Four suitors come calling simultaneously. A knight, a gentleman, a merchant, and her master's son compete for her affections, but she refuses them all, telling them that they must first seek her father's approval. They all agree, until she tells them that her father is the blind beggar, at which point three of them back out. The knight says it doesn't matter, and agrees to return to Bednal-Green with Bessee, even though his kinsman urges him not to go. A number of men from Rumford follow him and fight him, but he wins the battle, with some outside help, and approaches her father. His kinsman begins to rail against Bessee, but her father tells him that he is willing to compare his gold with that of the knight by "dropping angels." He drops 3,000 pounds, more than twice that of the knight, and then adds another 100 for his daughter's gown. When all of her previous suitors see that her father is actually rich, they become angry.

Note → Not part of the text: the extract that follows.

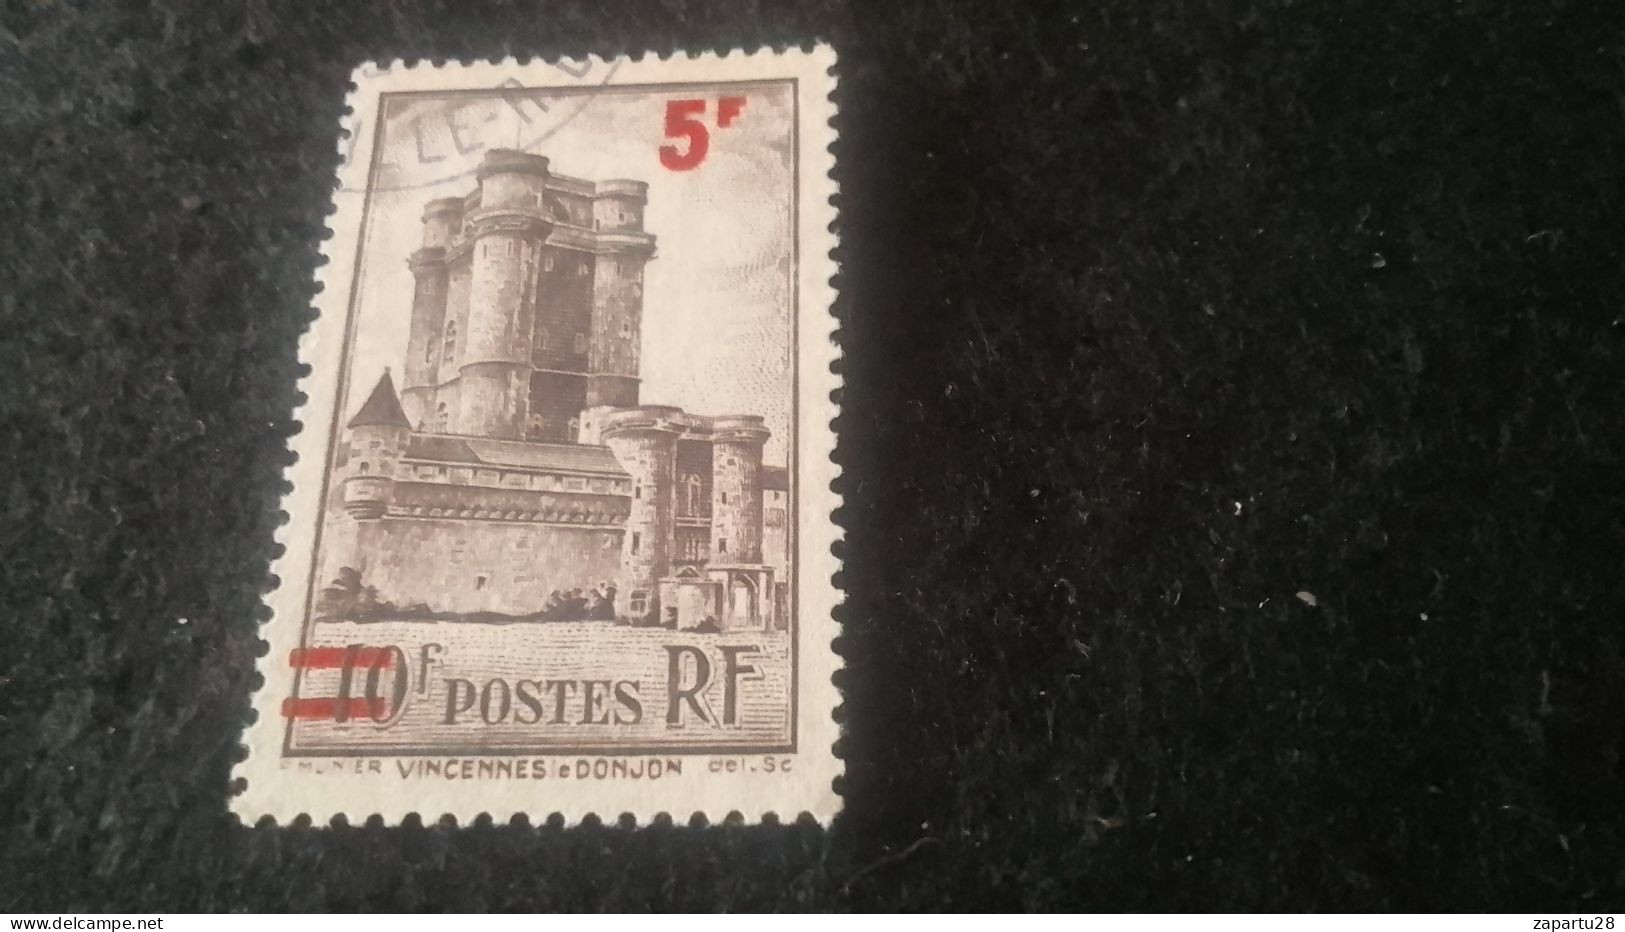 FRANSA- 1930-50       10    FR  DAMGALI   SÜRSARJLI - Used Stamps

In the second part of the ballad, Bessee and the knight have a huge wedding, and all the noble people are invited. At the wedding, the beggar comes out dressed in fine clothes and playing the lute. The noblemen at the wedding recognize a noble pedigree in his face, and ask the beggar to tell them his story. He agrees by playing one more song. His name is Monfort, and he lost his eyes fighting in France for King Henry III. A woman saved him from dying on the battlefield, and they moved to Bednal-Green and became beggars. Everybody pronounces that Bessee comes from a good pedigree, and they celebrate her marriage to the knight.

== Historical and cultural significance ==
A version of the ballad, called The Blind Beggar's Daughter of Bednal-Green was included in Bishop Thomas Percy's Reliques of Ancient English Poetry, published in 1765. This version of the ballad has a slightly different ending, in which the identity of the beggar is made more explicit. According to Joseph Scott Moore, Percy substituted this ending for the "vulgar" ending in order to reconcile the ballad with "true history." In Percy's version, the beggar tells us that he is Henry de Montfort, son of Simon de Montfort, 6th Earl of Leicester, who was killed in the Battle of Evesham. According to history, Henry was also killed at the Battle of Evesham, but according to the ballad he only lost his eyesight and was saved by a woman who became Bessee's mother. According to Percy's version, the two donned beggars' clothing and moved to England in order to hide from Henry's enemies, who would think he was dead. Moore also argues that alternate versions of the ballad refer to the "Queen's Arms" instead of the "King's Arms," suggesting that it was written in the time of Queen Elizabeth.

Ambrose Philips and Richard Whittington include it in their Collection of Old Ballads, but don't include it as a "historical" ballad because they can't find evidence of any truth in it. They speculate that Montfort was not included in lists of the slain, and that the writer exercised poetic license by creating a fictional story in which Henry survives the battle. They also cite controversy over the identity of Montfort, and whether he served under Henry II or Henry III, suggesting that great men of that name served under both kings. They cite another Montfort who "challenged and overcame" the king's standard-bearer, Henry of Essex, after he was charged with treason for throwing down the royal standard during a battle with Wales.

=== Theatre ===
The story is the source of the 17th-century play, The Blind Beggar of Bednal-Green, with the Merry Humour of Tom Strowd the Norfolk Yeoman, originally published in 1659 by John Day after being performed many times.

The story is also the source of the 16th-century play Faire Em (c. 1590).

=== The Blind Beggar in other areas ===
It gave its name to an English pub, The Blind Beggar, in 1894.

In 1900, the Metropolitan Borough of Bethnal Green adopted a scene from the ballad to be depicted in their official arms. A depiction of the blind beggar has been depicted on the head of the beadle's staff since 1690.